=== Begin Enclosure ===

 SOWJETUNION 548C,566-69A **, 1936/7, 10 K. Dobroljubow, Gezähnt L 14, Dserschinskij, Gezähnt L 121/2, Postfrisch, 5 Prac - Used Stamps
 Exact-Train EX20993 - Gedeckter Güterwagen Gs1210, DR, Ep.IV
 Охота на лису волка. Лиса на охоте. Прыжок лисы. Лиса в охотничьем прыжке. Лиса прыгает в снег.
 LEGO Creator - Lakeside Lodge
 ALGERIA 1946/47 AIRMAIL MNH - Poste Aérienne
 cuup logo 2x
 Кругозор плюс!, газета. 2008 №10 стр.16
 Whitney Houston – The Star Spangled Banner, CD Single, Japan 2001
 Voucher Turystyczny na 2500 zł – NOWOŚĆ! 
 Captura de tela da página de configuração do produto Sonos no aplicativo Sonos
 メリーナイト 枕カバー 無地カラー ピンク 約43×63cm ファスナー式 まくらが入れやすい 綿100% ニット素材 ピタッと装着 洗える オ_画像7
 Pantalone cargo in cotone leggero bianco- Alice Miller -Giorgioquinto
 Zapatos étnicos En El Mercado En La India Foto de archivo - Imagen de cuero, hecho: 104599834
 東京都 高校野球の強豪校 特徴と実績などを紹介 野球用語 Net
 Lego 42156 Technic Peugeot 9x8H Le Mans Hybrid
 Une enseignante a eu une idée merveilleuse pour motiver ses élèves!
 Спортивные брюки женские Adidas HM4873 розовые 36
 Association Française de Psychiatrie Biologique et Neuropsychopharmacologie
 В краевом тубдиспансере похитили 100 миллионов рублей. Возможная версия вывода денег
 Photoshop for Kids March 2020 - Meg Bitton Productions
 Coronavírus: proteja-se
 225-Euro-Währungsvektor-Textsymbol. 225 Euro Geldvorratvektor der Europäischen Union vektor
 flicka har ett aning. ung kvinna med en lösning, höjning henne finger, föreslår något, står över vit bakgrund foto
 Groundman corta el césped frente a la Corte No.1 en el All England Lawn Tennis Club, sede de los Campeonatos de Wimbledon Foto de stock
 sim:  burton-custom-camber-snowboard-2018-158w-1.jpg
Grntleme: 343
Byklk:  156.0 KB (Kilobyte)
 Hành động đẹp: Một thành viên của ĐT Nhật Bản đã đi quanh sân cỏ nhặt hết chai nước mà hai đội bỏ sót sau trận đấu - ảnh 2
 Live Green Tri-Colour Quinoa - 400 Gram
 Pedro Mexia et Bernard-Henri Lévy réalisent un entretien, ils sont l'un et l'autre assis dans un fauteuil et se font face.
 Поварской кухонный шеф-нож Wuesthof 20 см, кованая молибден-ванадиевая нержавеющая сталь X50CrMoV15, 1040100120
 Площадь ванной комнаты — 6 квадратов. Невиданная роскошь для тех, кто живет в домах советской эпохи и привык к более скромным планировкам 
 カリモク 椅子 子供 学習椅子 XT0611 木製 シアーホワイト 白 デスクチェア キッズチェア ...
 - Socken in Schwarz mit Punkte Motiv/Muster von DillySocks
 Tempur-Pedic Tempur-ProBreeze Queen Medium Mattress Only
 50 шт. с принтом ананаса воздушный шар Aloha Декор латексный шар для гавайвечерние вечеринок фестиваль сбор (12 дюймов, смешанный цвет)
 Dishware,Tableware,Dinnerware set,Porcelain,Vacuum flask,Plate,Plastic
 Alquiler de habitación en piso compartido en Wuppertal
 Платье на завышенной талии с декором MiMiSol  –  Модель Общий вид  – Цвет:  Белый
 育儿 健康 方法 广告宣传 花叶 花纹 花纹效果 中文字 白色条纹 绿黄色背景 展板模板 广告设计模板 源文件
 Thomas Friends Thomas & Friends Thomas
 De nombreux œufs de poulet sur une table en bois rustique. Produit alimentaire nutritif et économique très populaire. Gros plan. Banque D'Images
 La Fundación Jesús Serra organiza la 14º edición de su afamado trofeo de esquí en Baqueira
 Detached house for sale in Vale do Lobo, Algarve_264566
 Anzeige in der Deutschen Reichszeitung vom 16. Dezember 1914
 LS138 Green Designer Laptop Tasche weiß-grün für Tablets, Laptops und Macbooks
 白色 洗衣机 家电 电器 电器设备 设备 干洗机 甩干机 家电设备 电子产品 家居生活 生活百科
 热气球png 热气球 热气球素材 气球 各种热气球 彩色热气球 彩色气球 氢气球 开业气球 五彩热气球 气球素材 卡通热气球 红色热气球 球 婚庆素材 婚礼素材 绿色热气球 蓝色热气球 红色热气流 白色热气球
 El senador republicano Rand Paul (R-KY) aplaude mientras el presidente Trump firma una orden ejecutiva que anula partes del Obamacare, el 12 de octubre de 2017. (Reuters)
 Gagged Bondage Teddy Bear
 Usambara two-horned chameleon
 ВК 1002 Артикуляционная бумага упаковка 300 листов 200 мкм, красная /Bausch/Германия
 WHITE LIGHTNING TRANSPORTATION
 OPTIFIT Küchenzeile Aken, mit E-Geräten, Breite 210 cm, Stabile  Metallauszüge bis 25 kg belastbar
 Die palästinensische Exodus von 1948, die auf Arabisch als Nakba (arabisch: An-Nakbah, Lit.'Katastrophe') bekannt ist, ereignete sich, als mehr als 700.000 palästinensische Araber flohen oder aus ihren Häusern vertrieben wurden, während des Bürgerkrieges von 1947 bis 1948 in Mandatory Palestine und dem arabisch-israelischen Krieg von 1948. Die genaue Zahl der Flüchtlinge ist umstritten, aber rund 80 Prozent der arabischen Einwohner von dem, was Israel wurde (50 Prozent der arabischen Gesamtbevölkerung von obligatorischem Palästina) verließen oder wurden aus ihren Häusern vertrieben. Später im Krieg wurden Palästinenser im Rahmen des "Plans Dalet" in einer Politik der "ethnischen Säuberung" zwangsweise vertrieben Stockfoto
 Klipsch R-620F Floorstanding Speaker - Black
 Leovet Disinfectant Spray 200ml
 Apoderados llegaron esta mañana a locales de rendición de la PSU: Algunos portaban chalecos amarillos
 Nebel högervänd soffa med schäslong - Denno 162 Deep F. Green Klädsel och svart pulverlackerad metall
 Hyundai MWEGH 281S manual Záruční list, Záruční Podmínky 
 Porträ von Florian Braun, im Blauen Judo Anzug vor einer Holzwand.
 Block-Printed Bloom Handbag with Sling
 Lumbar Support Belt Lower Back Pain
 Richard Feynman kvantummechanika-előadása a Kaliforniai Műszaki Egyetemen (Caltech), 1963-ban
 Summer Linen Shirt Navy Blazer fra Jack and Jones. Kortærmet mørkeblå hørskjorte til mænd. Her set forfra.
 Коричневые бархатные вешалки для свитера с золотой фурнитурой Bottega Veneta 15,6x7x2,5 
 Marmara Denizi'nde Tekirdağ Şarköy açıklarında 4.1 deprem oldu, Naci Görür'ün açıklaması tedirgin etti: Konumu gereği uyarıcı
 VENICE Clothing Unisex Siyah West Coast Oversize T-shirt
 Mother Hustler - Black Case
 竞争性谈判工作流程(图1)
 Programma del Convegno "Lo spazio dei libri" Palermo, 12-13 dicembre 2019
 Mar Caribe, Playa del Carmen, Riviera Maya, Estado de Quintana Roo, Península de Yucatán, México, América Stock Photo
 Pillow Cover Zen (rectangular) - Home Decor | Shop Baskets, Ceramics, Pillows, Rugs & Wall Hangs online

=== End Enclosure ===

PROBLEM TO WORK ON -
Reproduce word for word the material above, beginning with the line that contains "Usambara two-horned chameleon" and ending with the line that contains "Коричневые бархатные вешалки".

EXERCISE RESPONSE -
 Usambara two-horned chameleon
 ВК 1002 Артикуляционная бумага упаковка 300 листов 200 мкм, красная /Bausch/Германия
 WHITE LIGHTNING TRANSPORTATION
 OPTIFIT Küchenzeile Aken, mit E-Geräten, Breite 210 cm, Stabile  Metallauszüge bis 25 kg belastbar
 Die palästinensische Exodus von 1948, die auf Arabisch als Nakba (arabisch: An-Nakbah, Lit.'Katastrophe') bekannt ist, ereignete sich, als mehr als 700.000 palästinensische Araber flohen oder aus ihren Häusern vertrieben wurden, während des Bürgerkrieges von 1947 bis 1948 in Mandatory Palestine und dem arabisch-israelischen Krieg von 1948. Die genaue Zahl der Flüchtlinge ist umstritten, aber rund 80 Prozent der arabischen Einwohner von dem, was Israel wurde (50 Prozent der arabischen Gesamtbevölkerung von obligatorischem Palästina) verließen oder wurden aus ihren Häusern vertrieben. Später im Krieg wurden Palästinenser im Rahmen des "Plans Dalet" in einer Politik der "ethnischen Säuberung" zwangsweise vertrieben Stockfoto
 Klipsch R-620F Floorstanding Speaker - Black
 Leovet Disinfectant Spray 200ml
 Apoderados llegaron esta mañana a locales de rendición de la PSU: Algunos portaban chalecos amarillos
 Nebel högervänd soffa med schäslong - Denno 162 Deep F. Green Klädsel och svart pulverlackerad metall
 Hyundai MWEGH 281S manual Záruční list, Záruční Podmínky 
 Porträ von Florian Braun, im Blauen Judo Anzug vor einer Holzwand.
 Block-Printed Bloom Handbag with Sling
 Lumbar Support Belt Lower Back Pain
 Richard Feynman kvantummechanika-előadása a Kaliforniai Műszaki Egyetemen (Caltech), 1963-ban
 Summer Linen Shirt Navy Blazer fra Jack and Jones. Kortærmet mørkeblå hørskjorte til mænd. Her set forfra.
 Коричневые бархатные вешалки для свитера с золотой фурнитурой Bottega Veneta 15,6x7x2,5 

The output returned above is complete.